(Given information Opens)

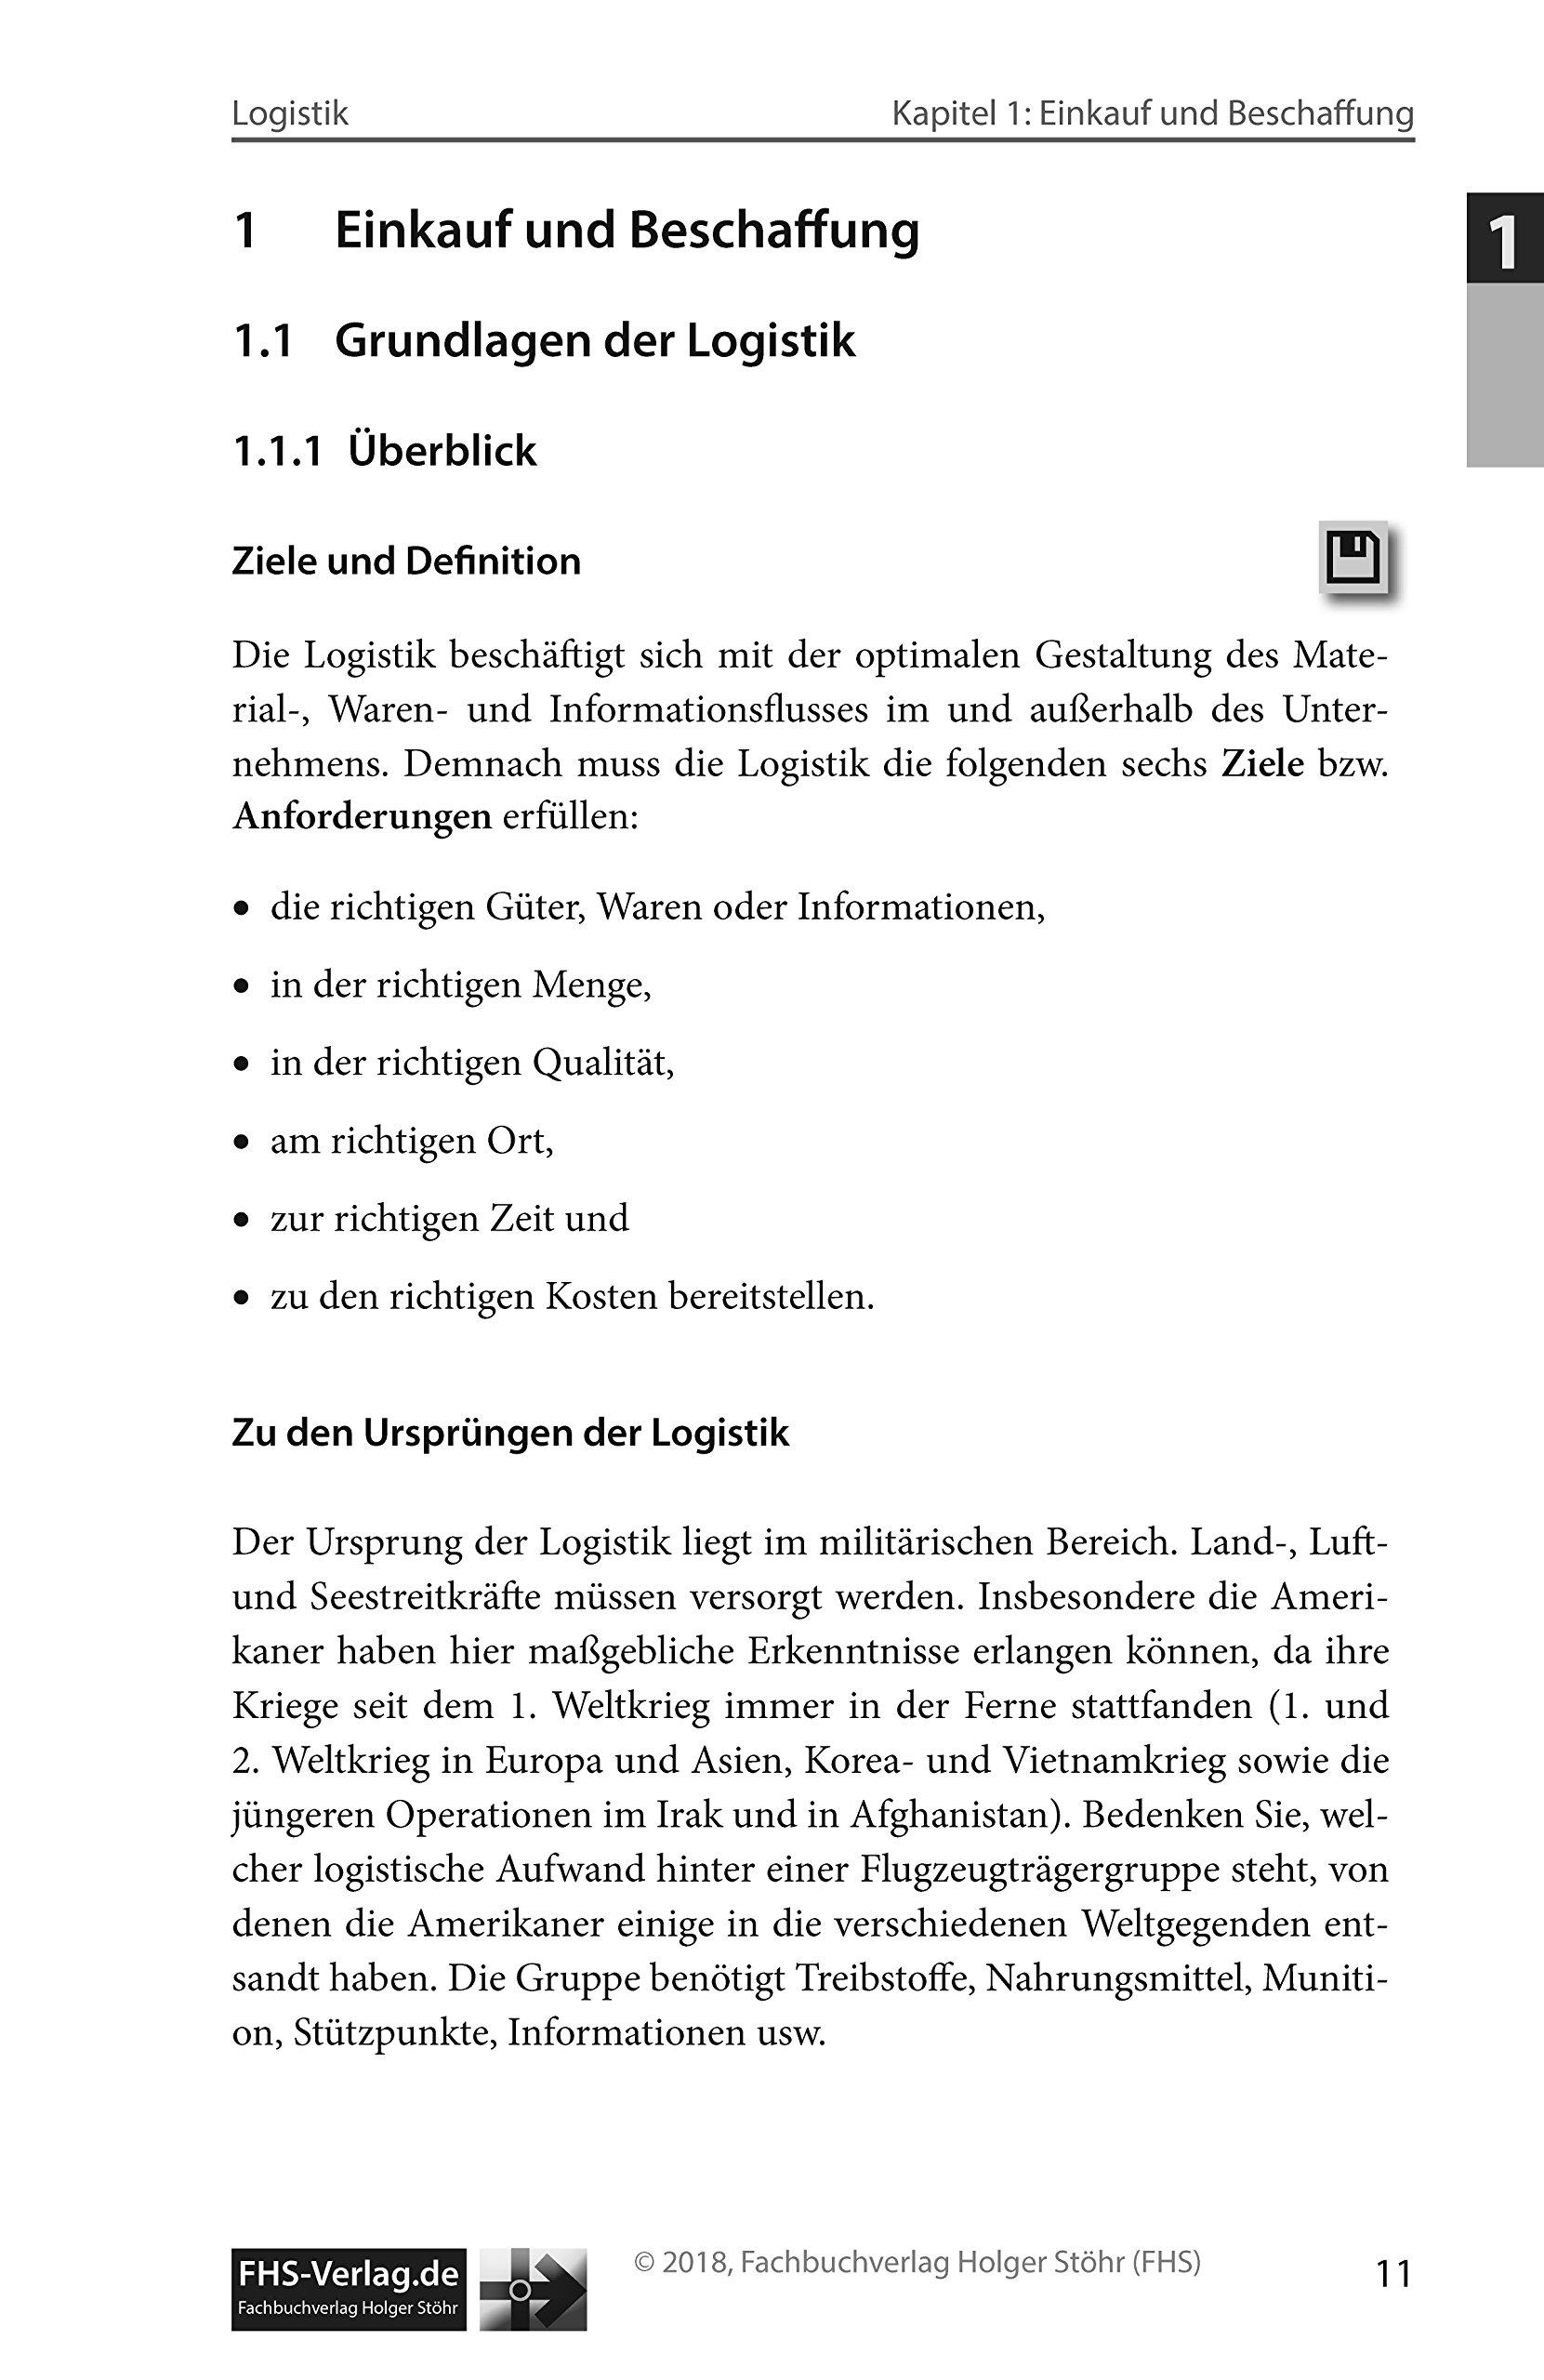 Nett Probenzusammenfassung Für Fastfood Kassiererposition Galerie ...
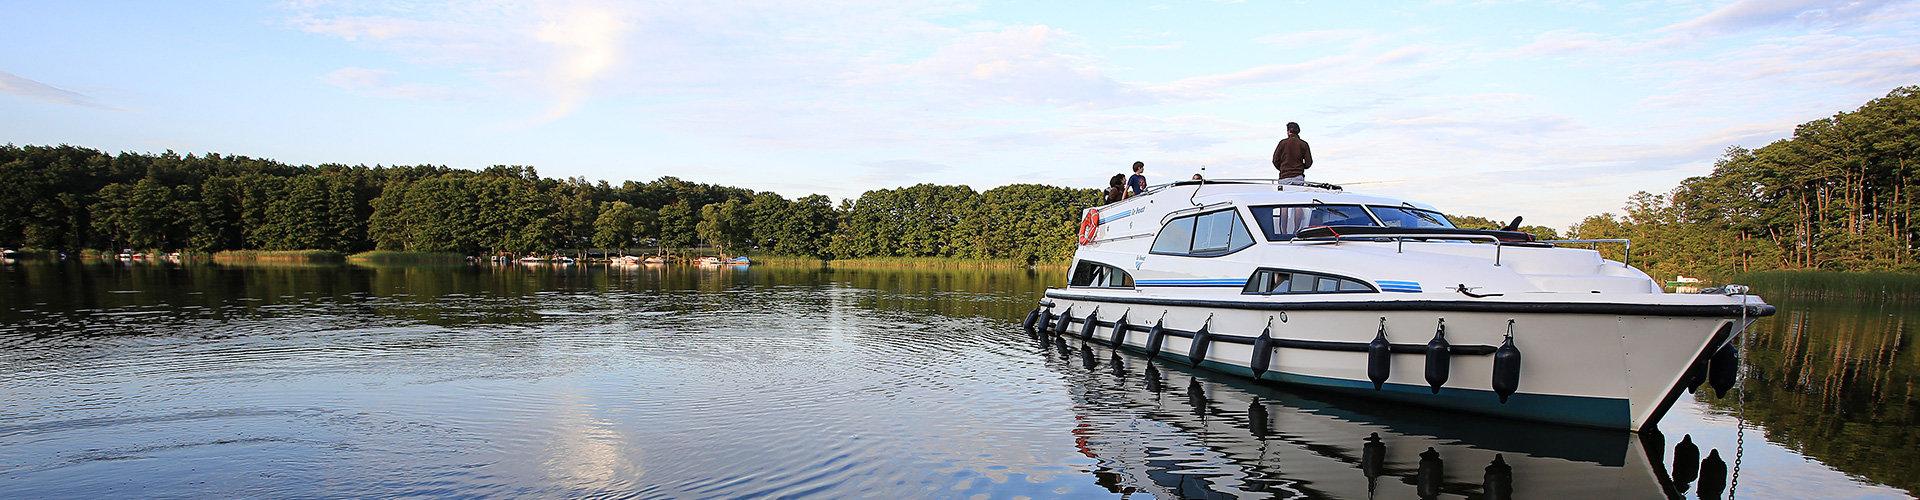 Le Boat bateaux
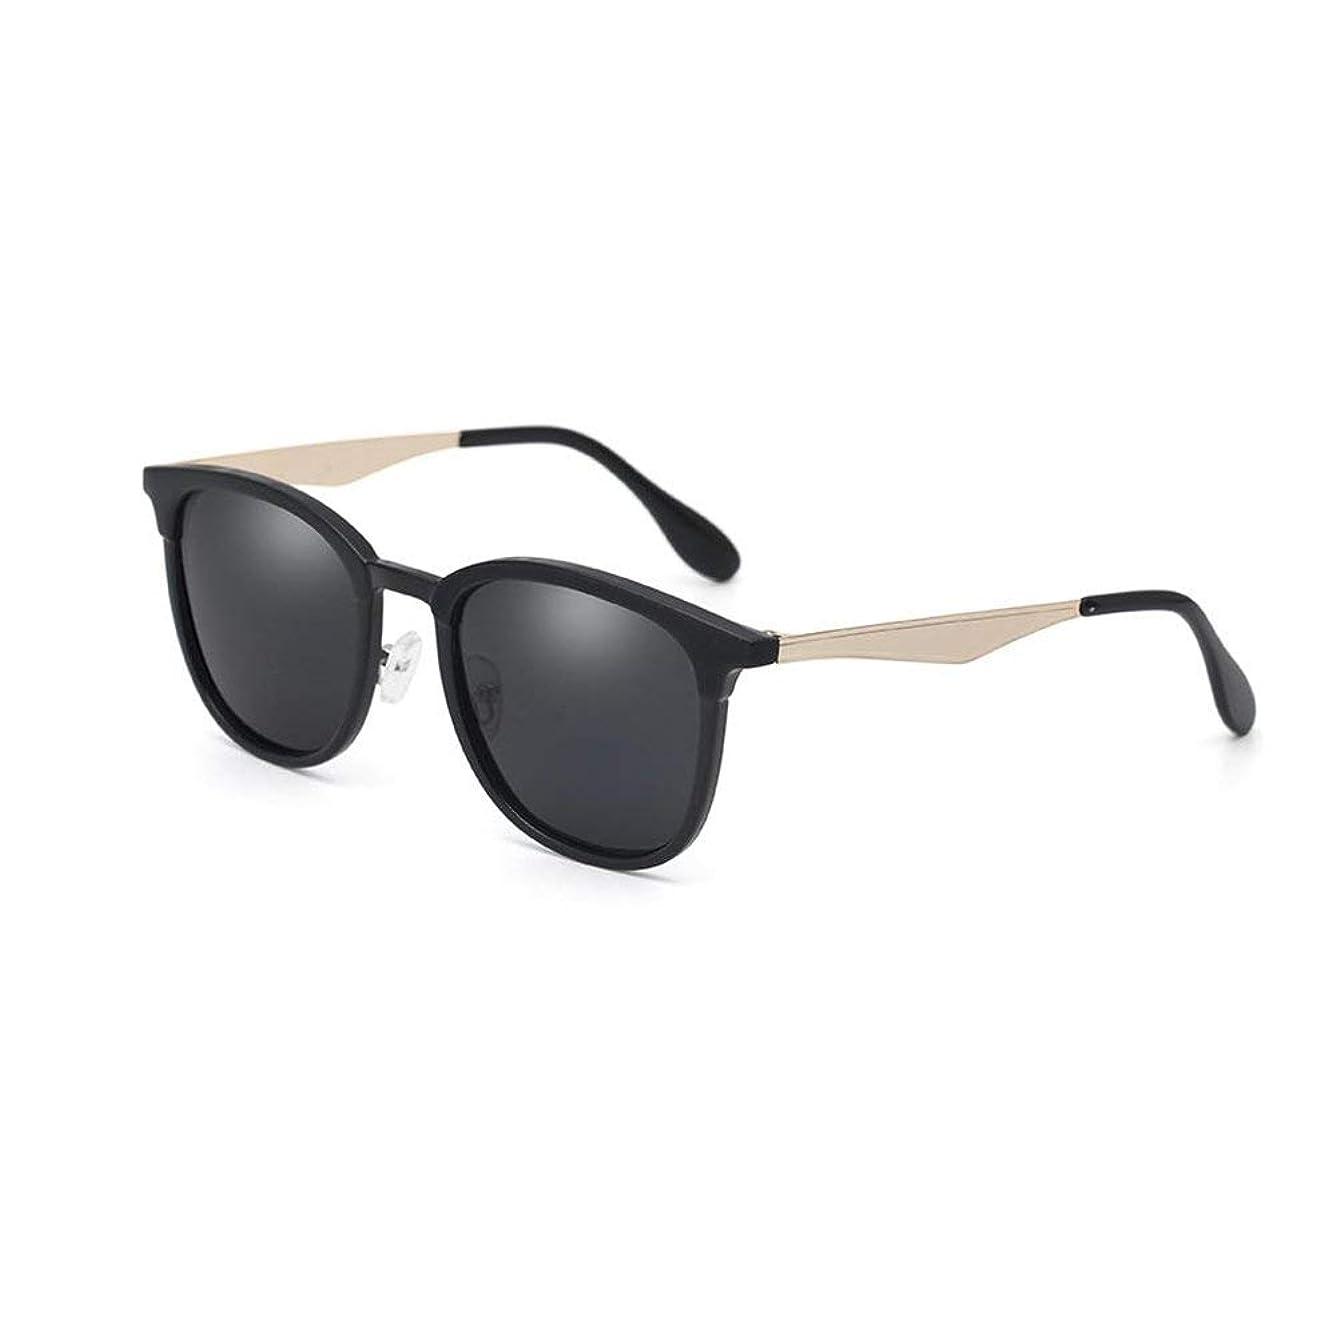 掘る八百屋到着するレトロサングラス男性と女性のメガネ偏光サングラスHDドライビングメガネスポーツゴーグルアンチグレアファッションアンチUV(カラー:4)

(Given information Closes)

§ **Task objective**:
Reproduce the data above without a single change, please, but without its pictures.

§ **Task answer**:
 Nett Probenzusammenfassung Für Fastfood Kassiererposition Galerie ...
 Le Boat bateaux
 掘る八百屋到着するレトロサングラス男性と女性のメガネ偏光サングラスHDドライビングメガネスポーツゴーグルアンチグレアファッションアンチUV(カラー:4)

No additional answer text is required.